"Once I was getting blown by my girlfriend at the drive-in theater. I was a teenager and couldn't really "hold out" too long. I came like a freaking firehose in her mouth. What did she do? Opened the door, leaned out of the car and spit a massive load of cum right on the ground next to the car alongside us....you should of seen the look on the oldman in the driver's seat next to us!" - Y.D.
"My gal LOVES a hot face full of hot cum. She call's it her weekly "jizz facial"! Do you think I could get paid for providing a service like this for beautiful rich women? THAT would be a job I could actually get up for in the morning! LOL" - H.D.
"Is there anything sweeter than dumping a hot steaming load of cock creme onto the upturned lips and chin of some horny slut? Gobble that goo, baby!" - J.P.
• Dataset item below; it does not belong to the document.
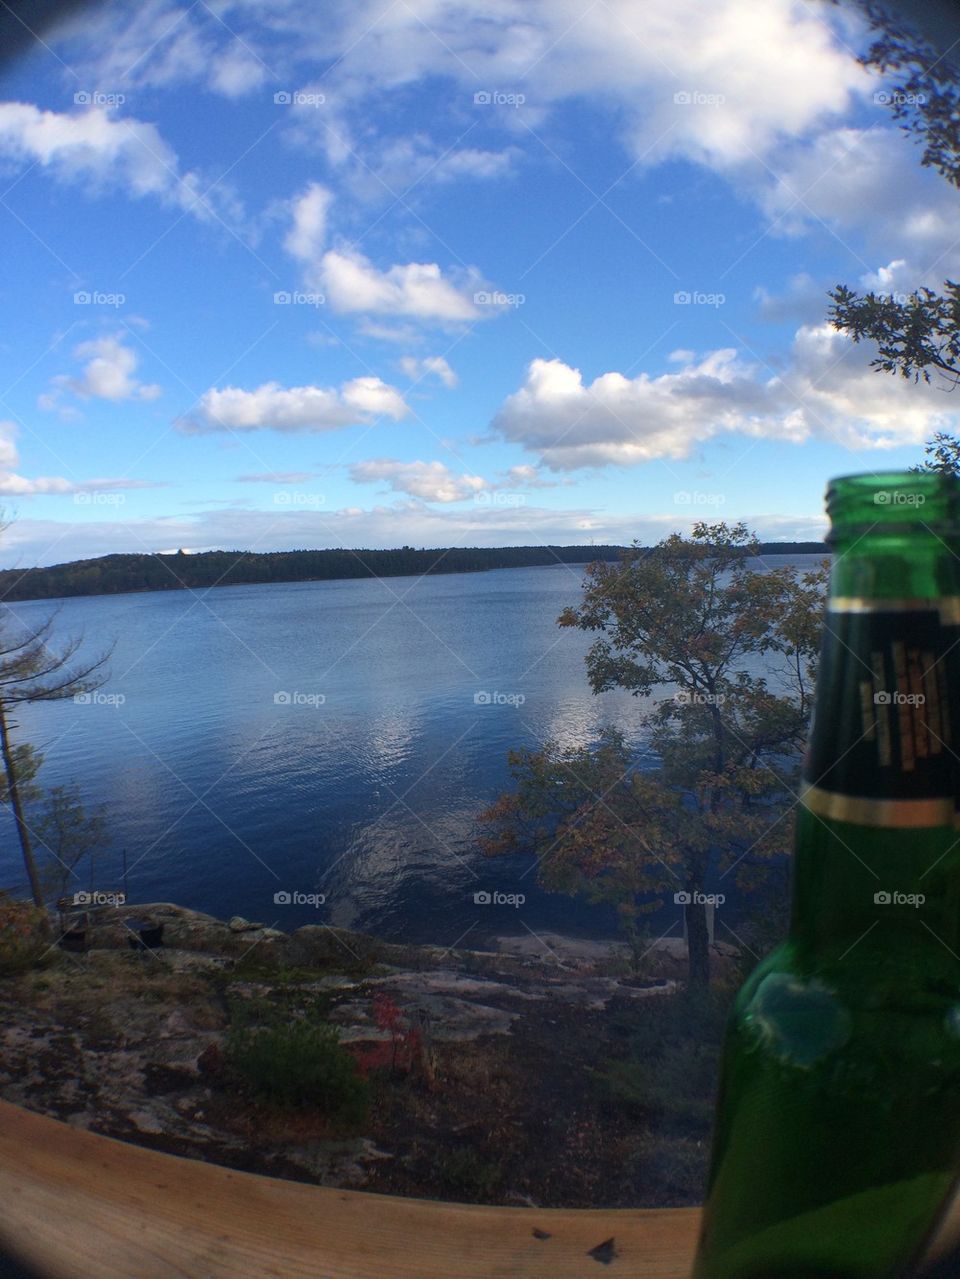 A beer bottle's view

"..I once was getting a handjob from an older woman I met at this swank art gallery openning in SoHo. She was stroking my cock while the engine warmed and before I knew it, I blasted a cum shot onto the interior of the windshield right in front of me...where it froze! I had to drive her home and all the way I couldn't take my eyes off that splash of jizz slowly defrosting and sliding down the window. She must of seen it too, because she finally got out a kleenex and wiped it off. We both just chuckled." - E.S.
"...There was an ad I saw once in a sex paper that advertized a special Chinese herb that was supposed to increase the amount of semen you produced. I tried it, and let me tell you - I have NEVER cum that much at one time! My wife thought there was something wrong with me and asked if I was feeling alright! I said, yes, but man, afterwards my balls felt like someone had milked them like a cow's udders! I was drained..." - F.D.